Typically, transmission scheduling schemes do not use the behaviour of a connection as transmission criterion. This aspect is generally treated by the network congestion control function and more particularly by the traffic policing process which is typically performed at the network access points. One well-known congestion preventive rate-based access control technique is based on the so-called buffered leaky bucket scheme. Some of these leaky bucket congestion control schemes involve the marking of packets entering the network: packets are marked with one of two "colors", red and green. Green packets represent traffic that is within the connection's reserved bandwidth, and are guaranteed a prespecified grade of service based on some level of delay and loss probability within the network.

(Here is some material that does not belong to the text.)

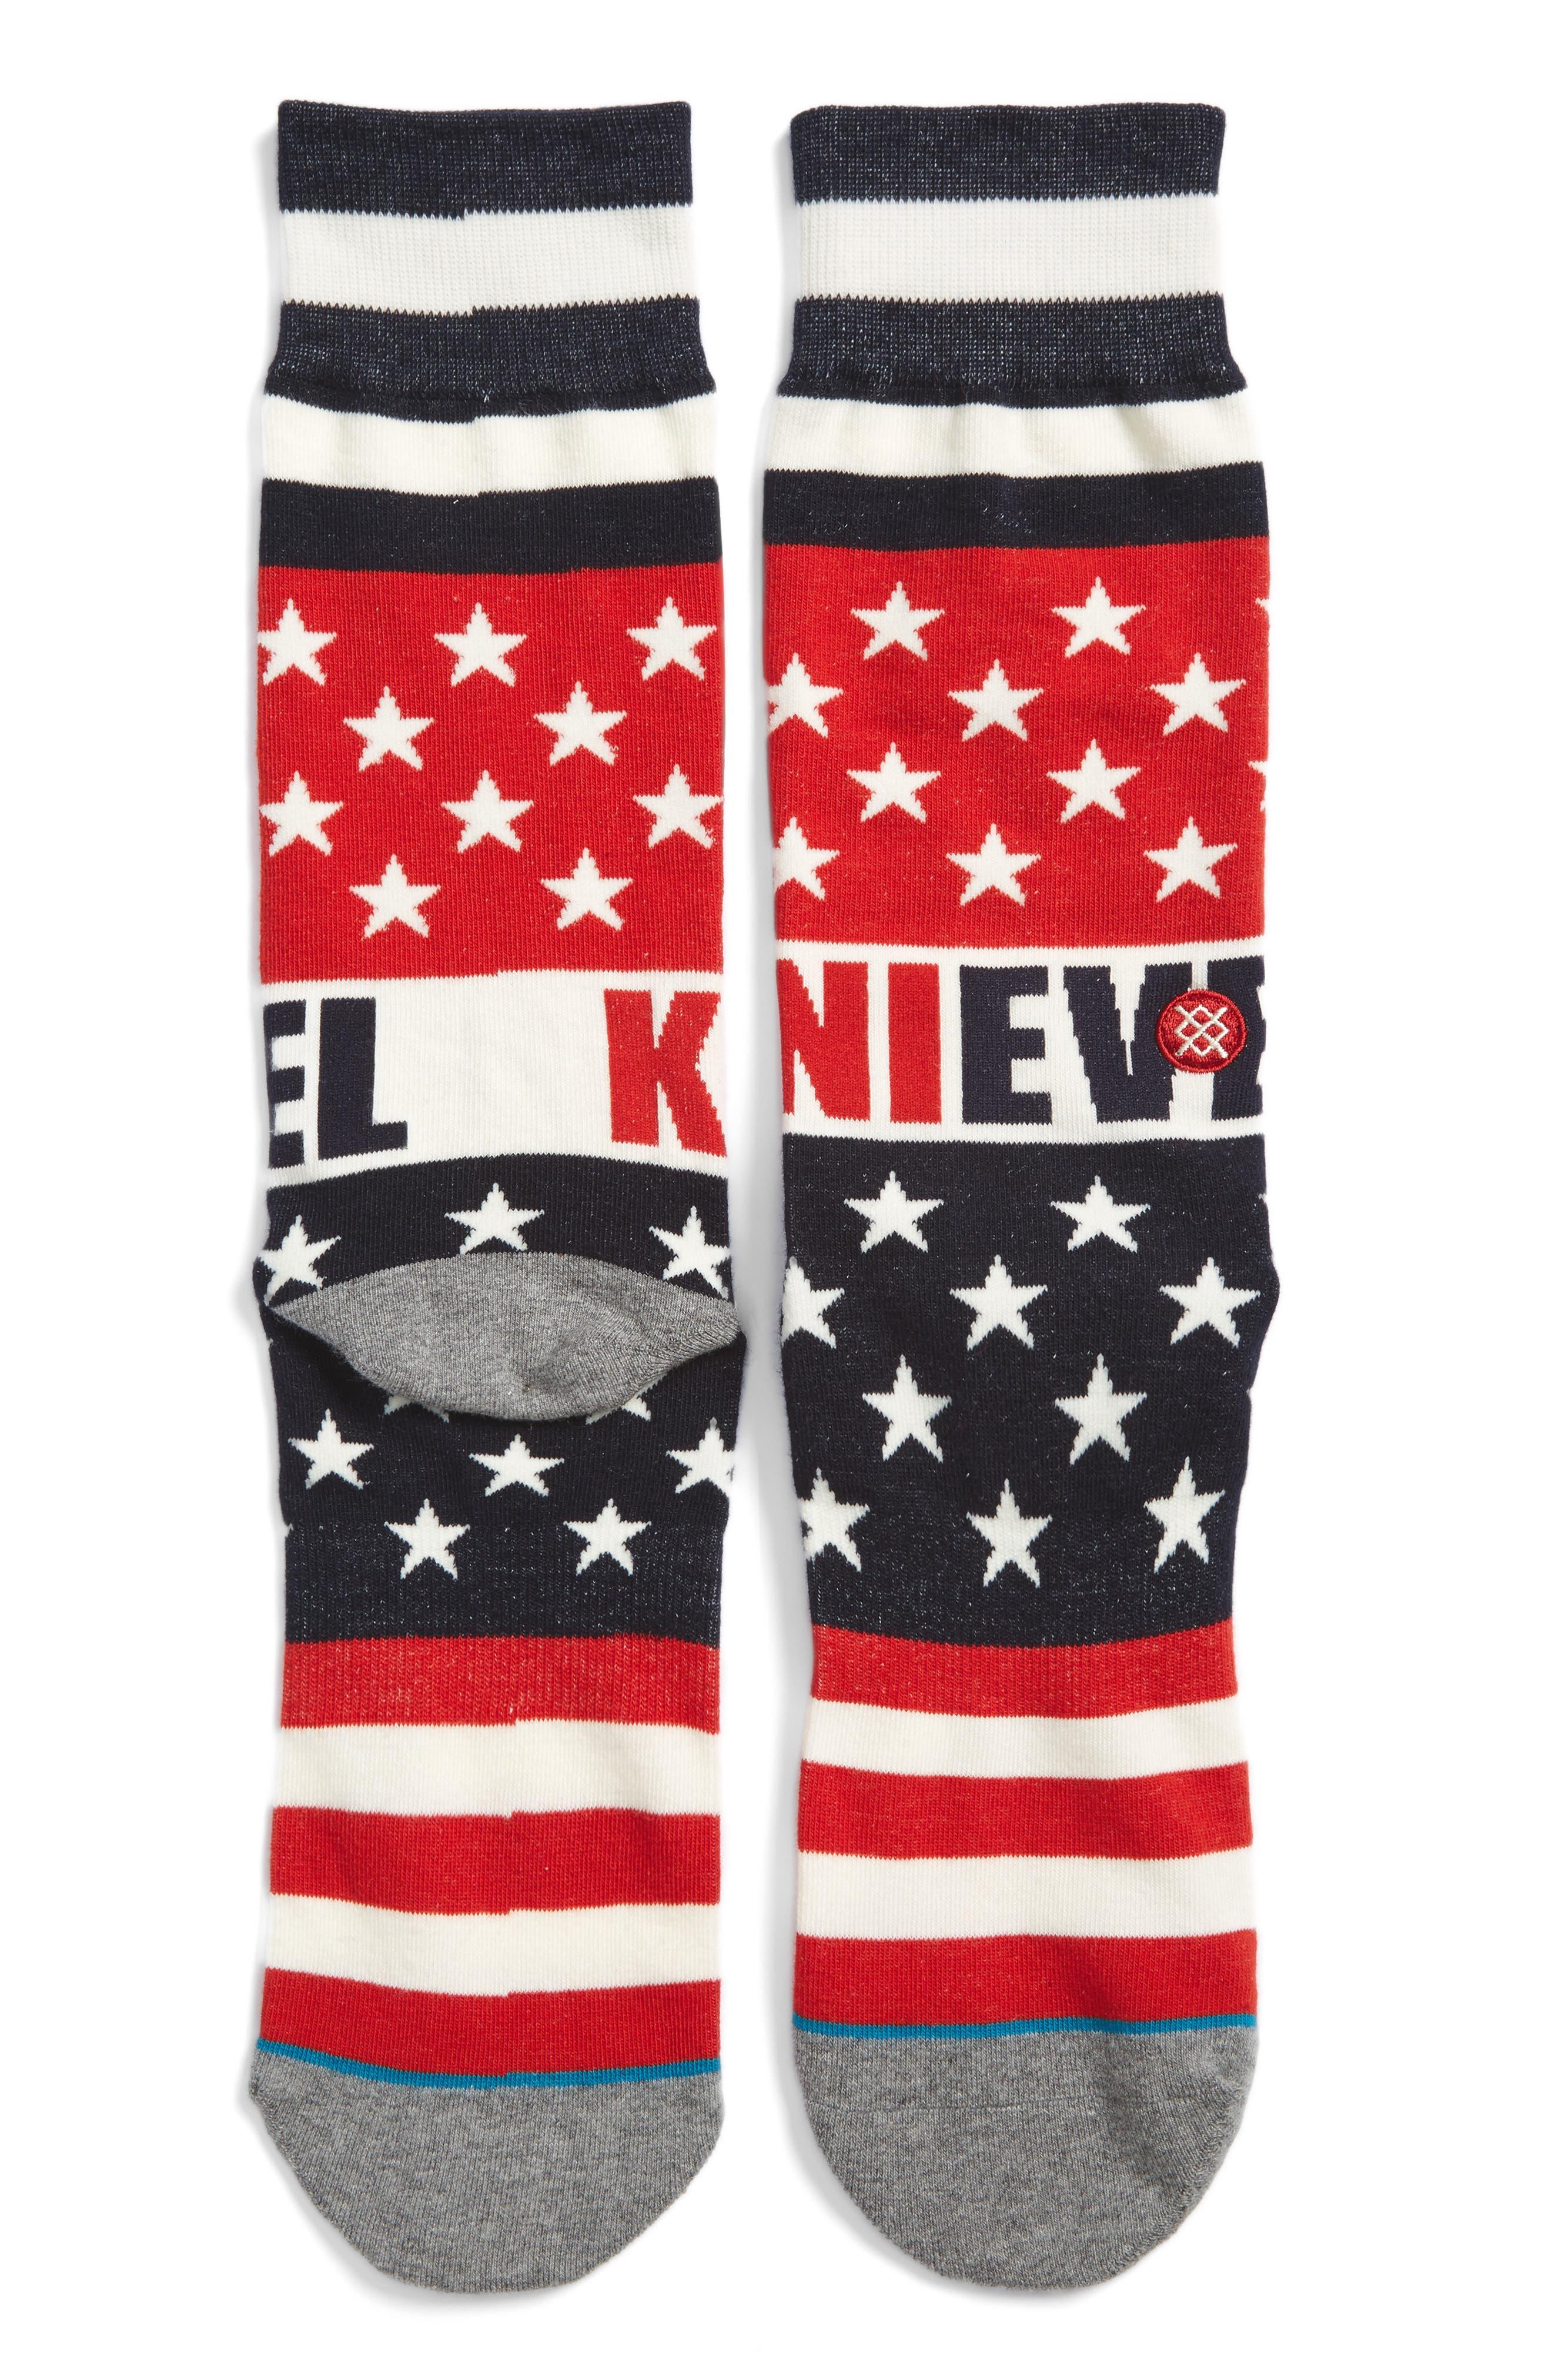 Evel Knievel x Stance Gladiator Socks,                         Main,                         color, 610

Red packets, on the other hand, represent traffic sent over and above the reserved rate and can be viewed as an emergency relief mechanism coming to play during an overload period where the instantaneously offered traffic is above the reserved bandwidth. In other words, the amount of traffic in excess of the allocated bandwidth is marked red and sent into the network, instead of being dropped at the source. Red packets allow a source to exploit any unused network bandwidth in order to improve the efficiency of the statistical multiplexing.
Therefore, In multimedia networks, a queueing and transmission scheduling system that provides fairness among connections as well as relying on connections priority and behaviour would ensure more efficiently that each connection gets the quality of service (QOS) it has been guaranteed whatever its traffic profile is. Accordingly, the invention described herein relates to a queueing and scheduling mechanism for transmitting packets sent on a transmission medium in a multimedia network node, and is particularly concerned with effectively providing a suitable quality-of-service for a wide range of traffic applications.